Ia mengungkapkan bahwa sejak awal dirinya berulang kali mengingatkan mengenai kelemahan BGN yang terletak pada aspek tata kelola. Menurutnya, keberhasilan program yang dijalankan BGN sangat bergantung pada sistem pengelolaan yang baik dan akuntabel.
“Saya sejak awal bolak-balik menyatakan kelemahan BGN sebagai prioritas yang menjadi andalan Bapak Presiden adalah pada aspek tata kelolanya. Dan itu yang saya sampaikan bolak-balik,” ujarnya.

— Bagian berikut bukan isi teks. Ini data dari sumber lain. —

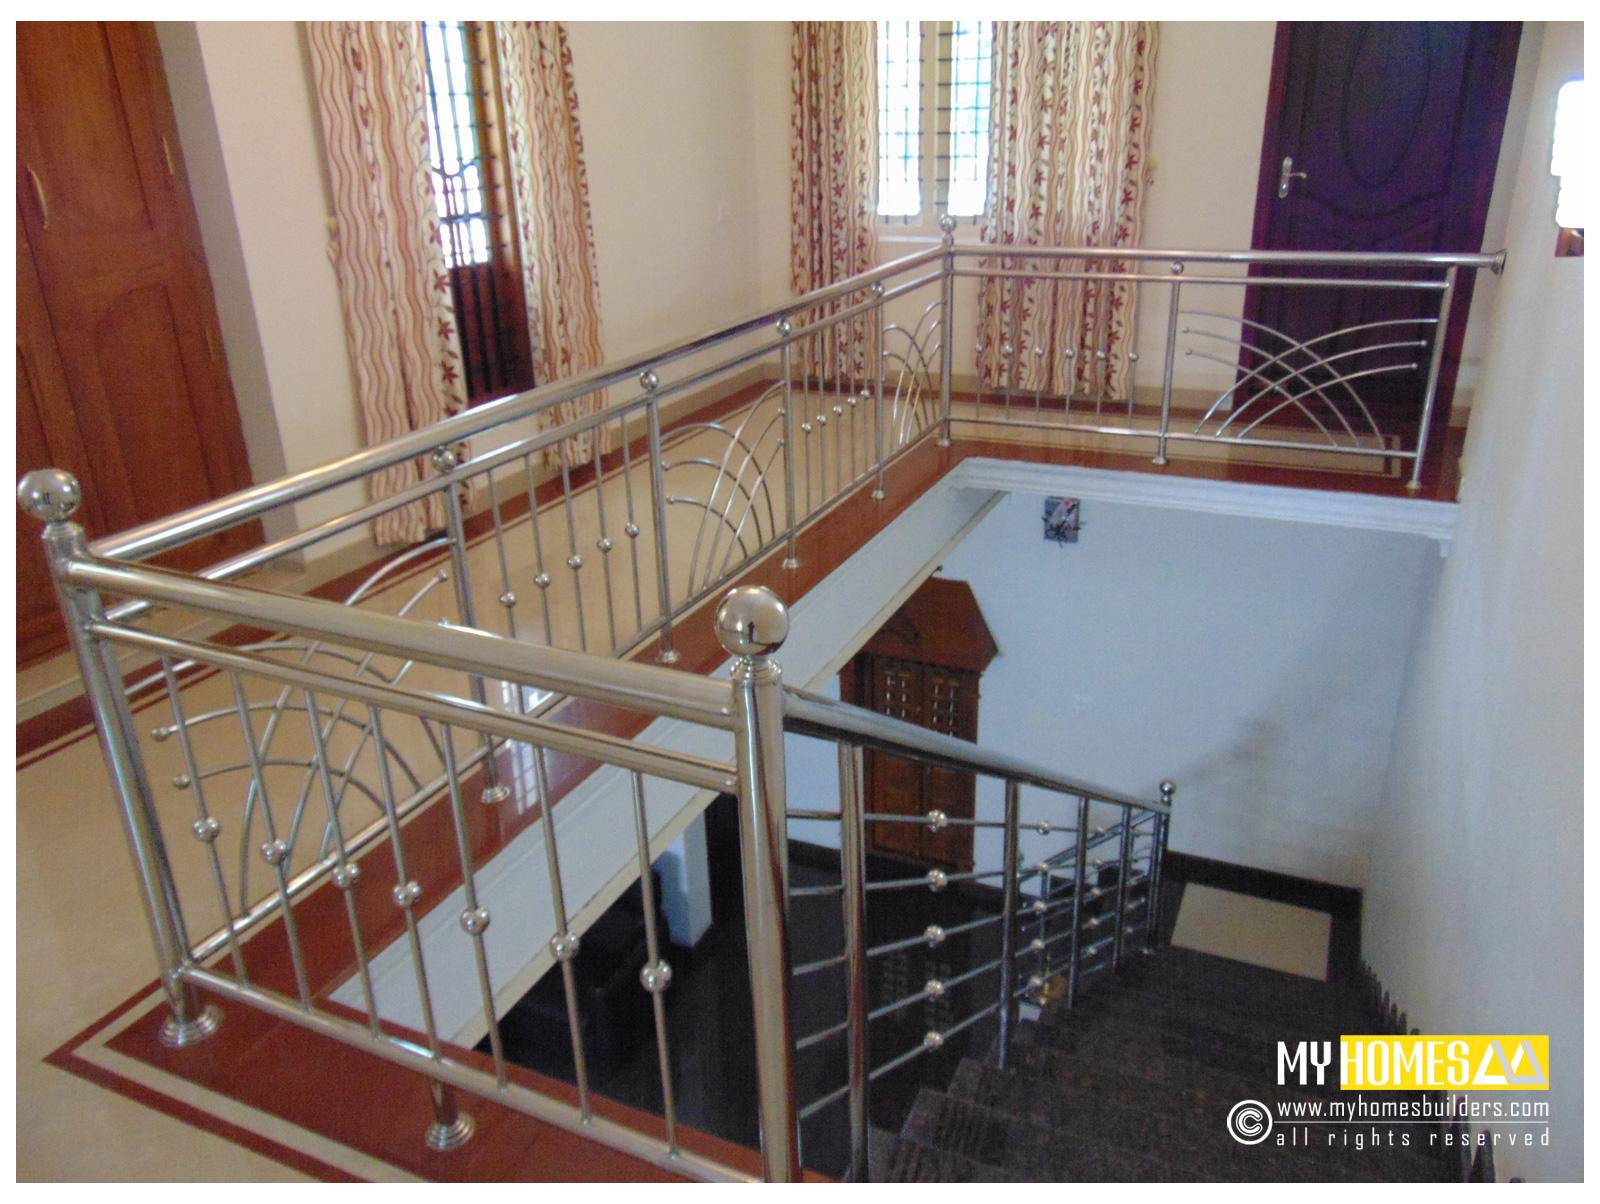 Kerala homes staircase, staircase ideas kerala homes, staircase interior, homes staircases, staircase collections

Said juga mengingatkan agar BGN dengan kepemimpinan baru ini tetap fokus pada pelaksanaan program Makan Bergizi Gratis (MBG) yang menjadi salah satu program unggulan pemerintah. Ia menilai, perhatian lembaga tersebut tidak boleh terpecah pada hal-hal yang tidak berkaitan langsung dengan tujuan utama program.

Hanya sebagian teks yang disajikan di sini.